PENGARUH HARGA PASAR DAN BIAYA PRODUKSI TERHADAP LABA KOTOR DENGAN VOLUME PENJUALAN SEBAGAI VARIABEL MODERATING, PADA USAHA PETERNAKAN AYAM BROILER PT. DINAMIKA MEGATAMA CITRA CABANG MOJOKERTO
This research is an empirical study on broiler chicken farm in Nganjuk District Area, aims to prove the influence of market prices and production costs on gross profit, and proven the sales volume contribution to strengthening of the direct effect. Through such evidence will be seen also the direction and big influence on gross profit partially or simultaneously and directly or strengthened by sales volume. Changes in production costs will likely be in the opposite direction to the change in gross profit, but how the direction changes in the market price of the gross profit?
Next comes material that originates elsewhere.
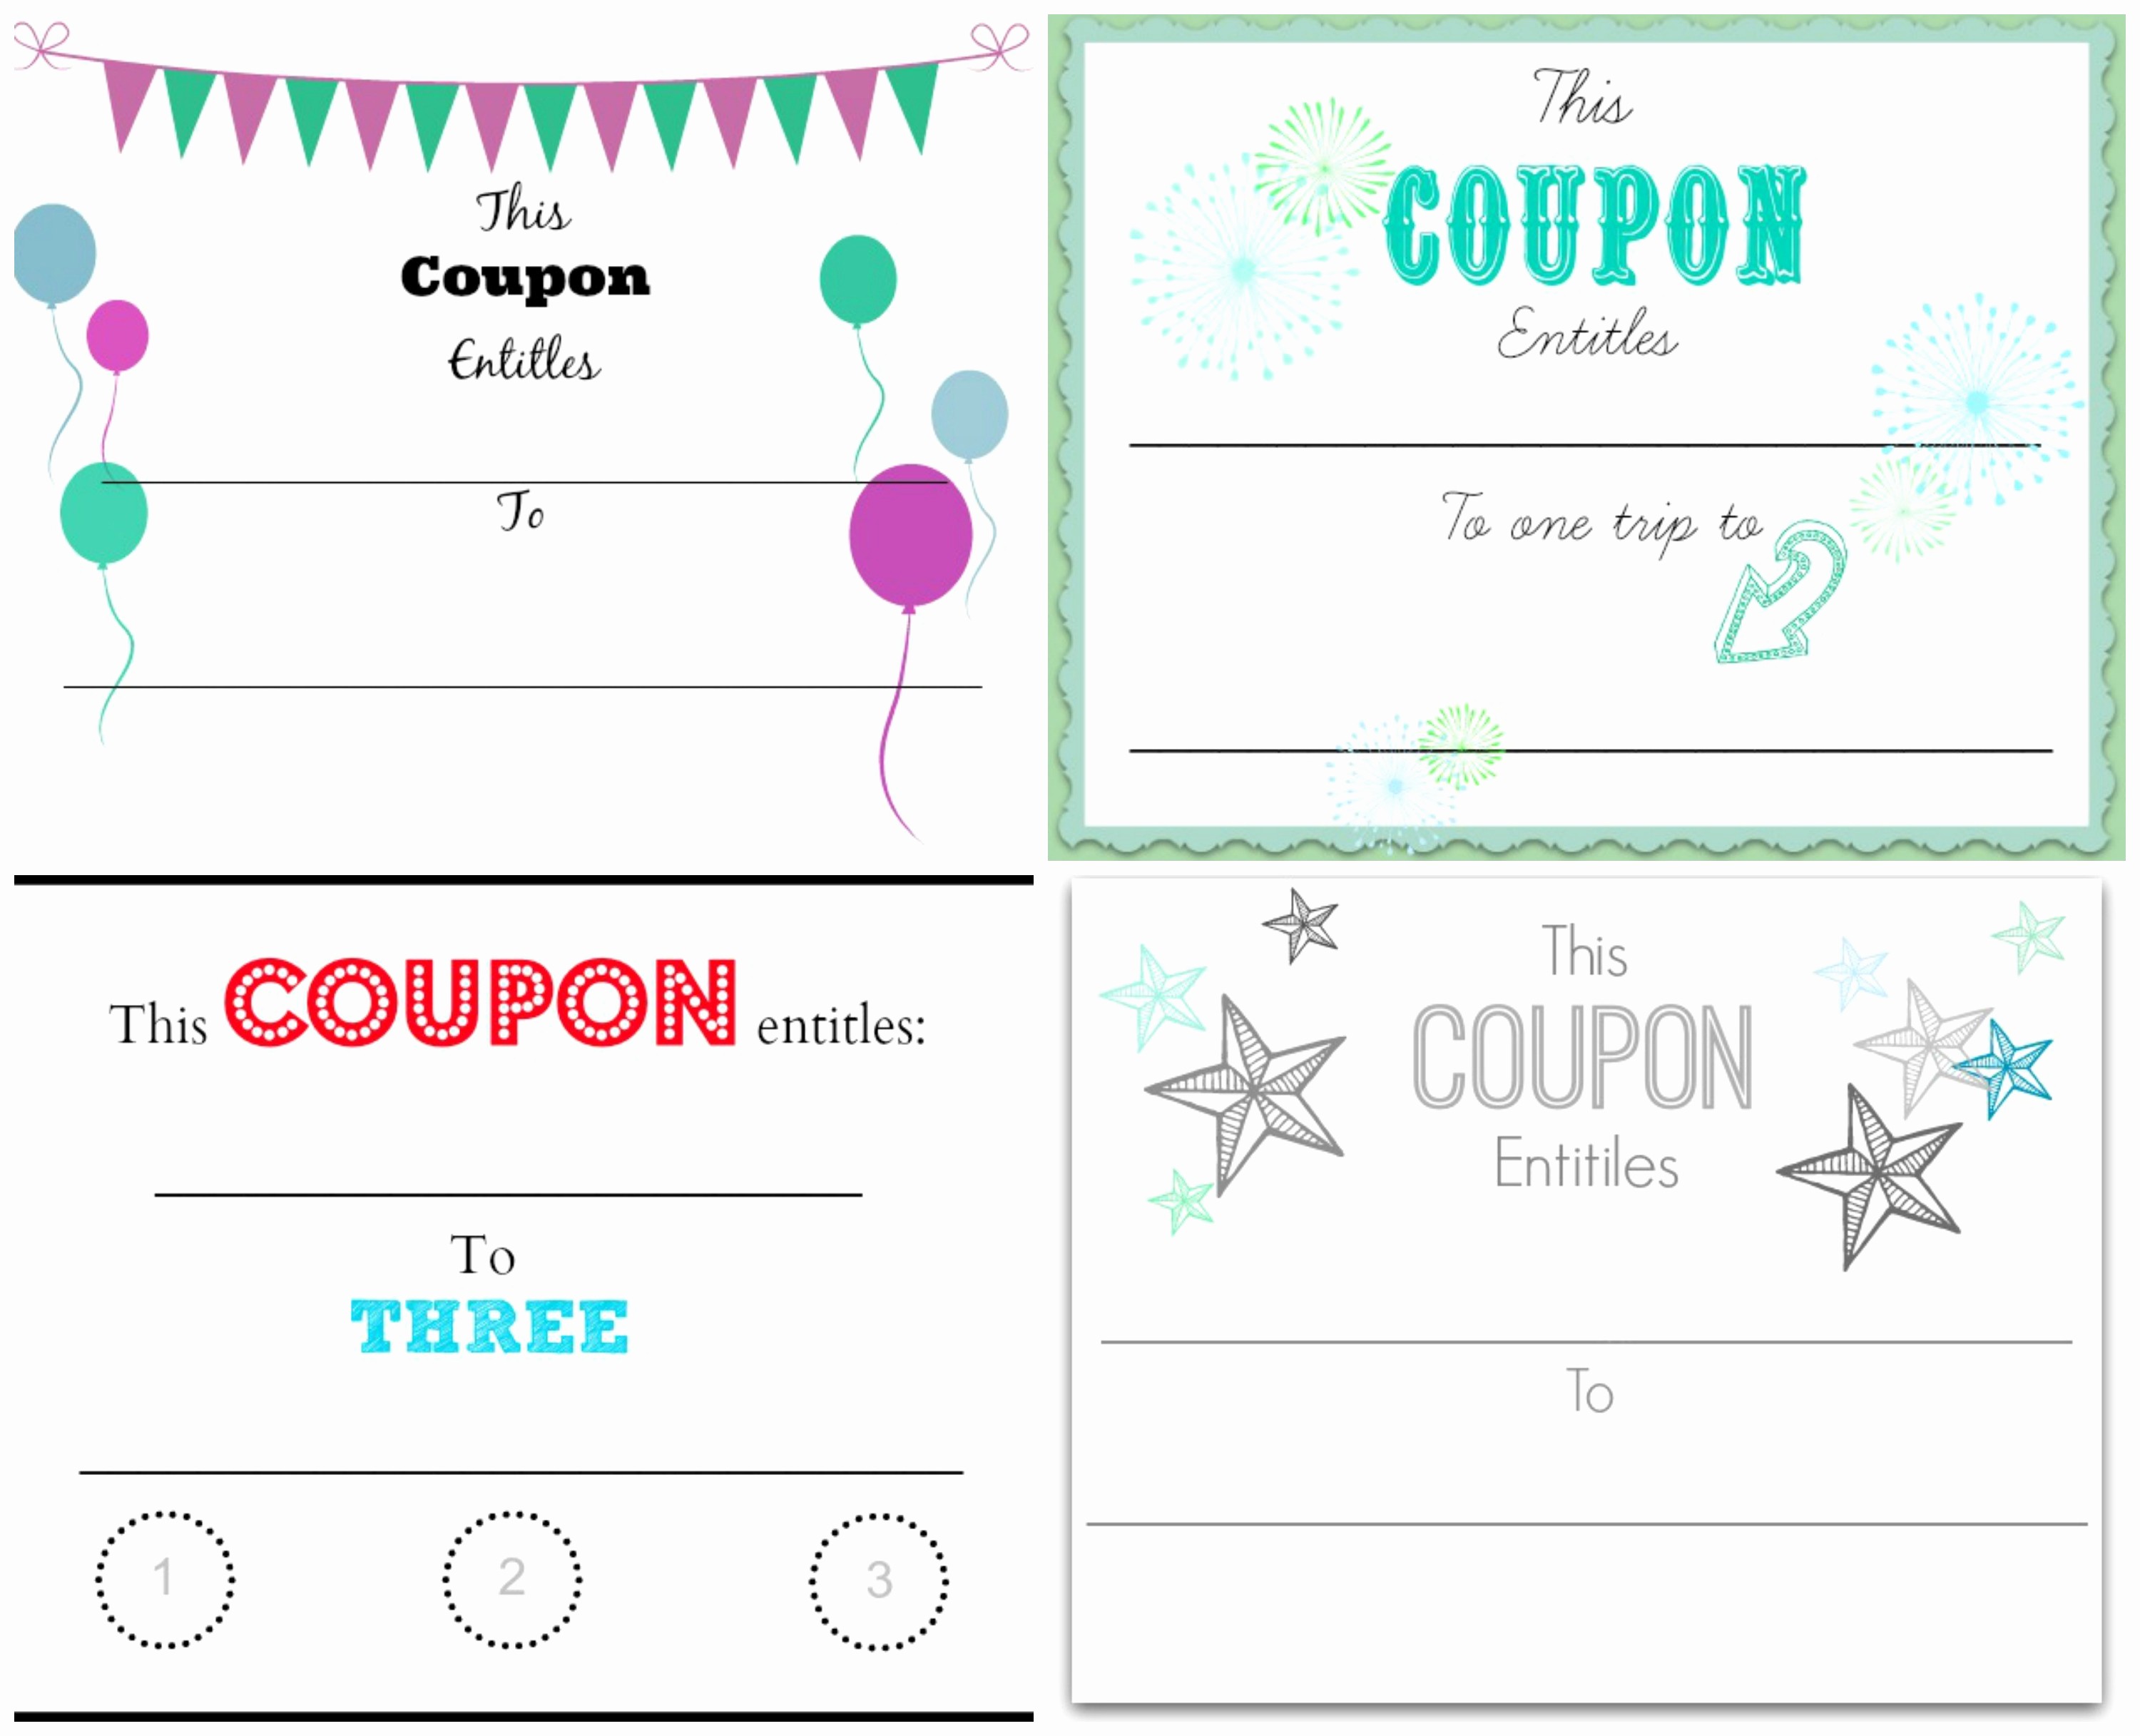 Printable Gift Coupon Templates Free Beautiful This Certificate Entitles You to Template

As well as at what the level of the sales volume will be obtained an optimum gross profit. The things that must be answered and be a long-term goal of this research.
By knowing the direction and magnitude of the effect of market prices and production costs on gross profit that matched the volume of sales, either partially or simultaneously, is expected to provide greater benefits for company management in making strategic decisions. This study is the beginning of an effort to find harmony between the market price, the cost of production and sales volume, which results in optimal profit. To find the harmony of market prices, production costs and the sales volume, the necessary follow-up studies found an optimal contribution in generating profits.
The material of the study include the gross profit is affected by the market price and production costs to match the volume of sales. The data analyzed in this study is quantitative data obtained through documentation study and interviews. Samples were taken based on each harvest five times each year, for three years, as many as five breeder.
Findings from this study indicate that: (1) In order to avoid a negative effect on profits, management efforts to increase the prices, costs of production and sales volume, must be of equal value; (2) The sales volume can moderate the effect of production costs on gross profit, but can not moderate influence on the market price of the gross profit.